乗り込み方は機体によって異なるが、エリスムは前面が大きく開くタイプだ。
開いた胸部へピョンと飛び乗ると、宮井先生がボタンを押す。
ズズズ……………と閉まる胸部扉を口を引き結んで見守る。
そして閉まりきったところで、扉の内側に取り付けられた大モニターに、エリスムの目の位置にあるカメラからの映像が映し出された。
手の届く位置にある無数のボタンやレバー、そしていくつかのモニターに私は心底興奮していることを自覚する。
だがその一方で体は指1本たりとも動こうとはせず、先生が私の肩に手を置いたことでようやく我にかえった。
「緊張するのはわかるけれど、固まってしまうのは、これで最後にしてくださいね」
「う、はい………」
当たり前だが、機体に搭乗したところで一切物怖じしない先生にそう言われ、言葉に詰まりながらも返事をする。

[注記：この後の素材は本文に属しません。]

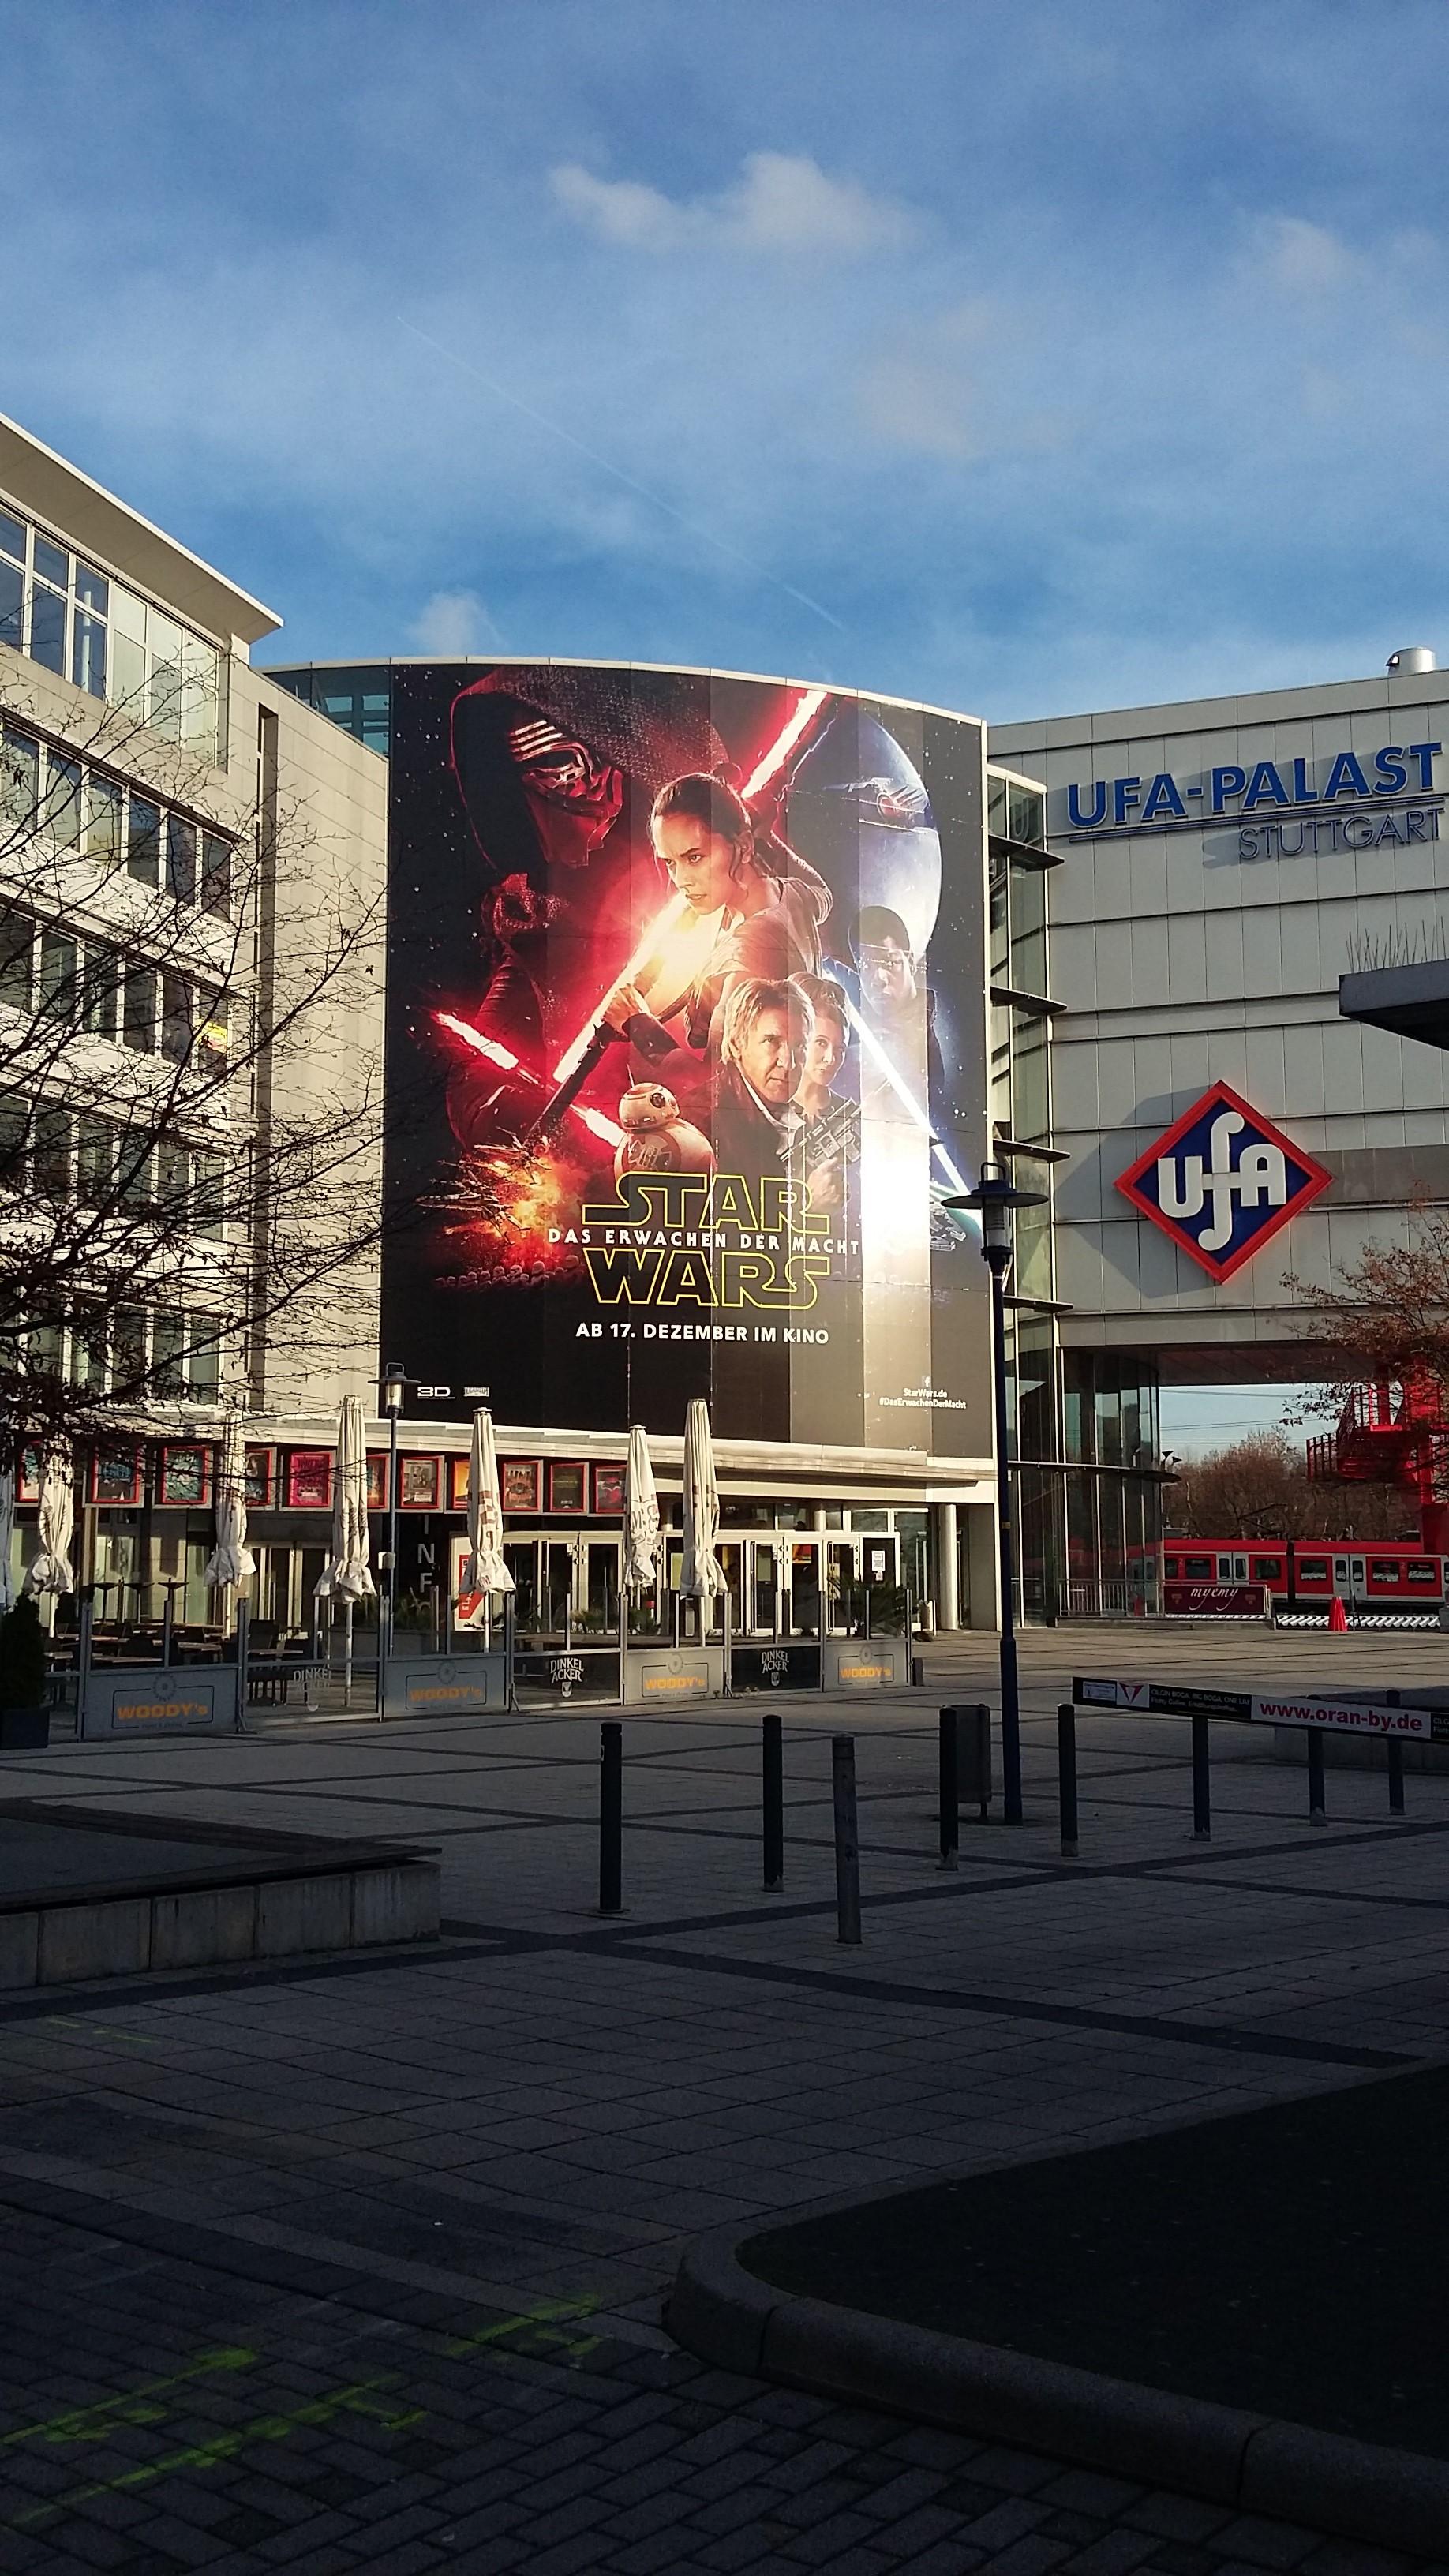 Kino.Stuttgart
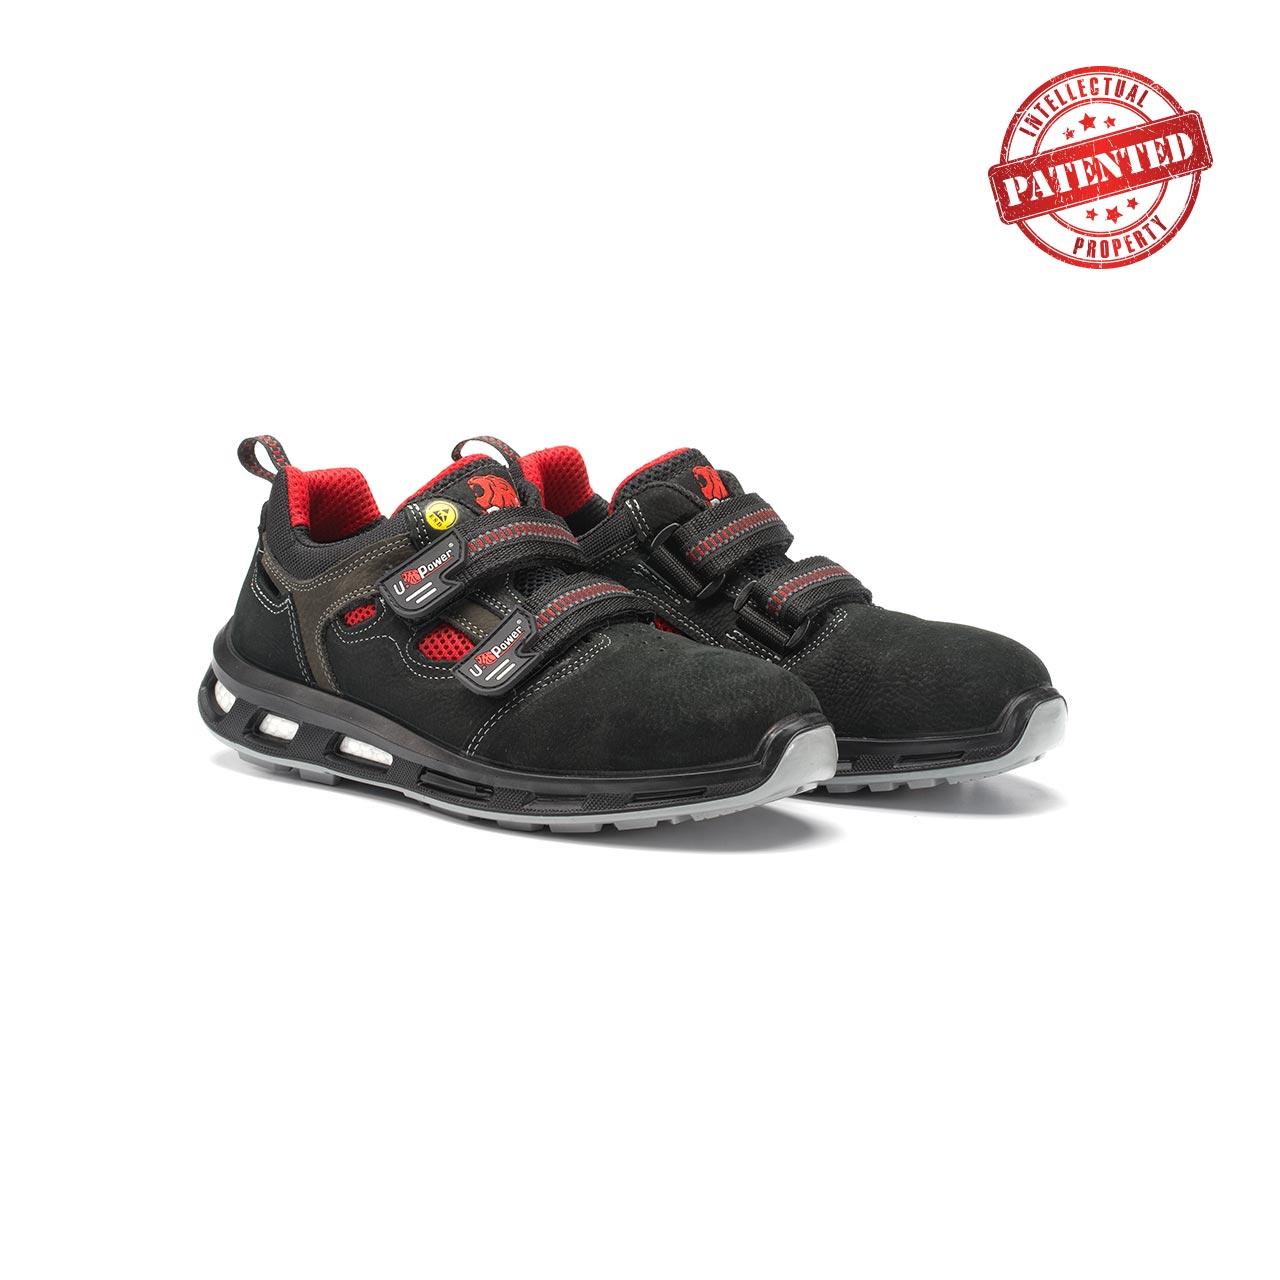 paio di scarpe antinfortunistiche upower modello cody linea redlion vista prospettica

そうだ、こんなことじゃ、戦場に出ても的になるだけだ。
早期に慣らしておかなければ、そんな未来は免れられないだろう。
スーッと大きく息を吸い、ハーッとそれを吐き出して。
凄まじい手汗を太もも部分の布で拭って、無理やりながらもパイロット見習いとしての体裁を整える。
「よしっ…………よろしくお願いします!」
みなさまこんばんは!イロハです!
あるいはおはようございますこんにちは!
ようやく機体が出てきました。
ここまで長かったですね……………(苦笑)
後書きで言ってしまうのもなんですが、
己の筋書きの甘さを痛感します。
精進します。
これから先は幾度も機体が出てきますので、
ぜひお楽しみに!
今回はここで終わろうと思います。
ご覧頂きありがとうございました!
また次回もよろしくお願いします!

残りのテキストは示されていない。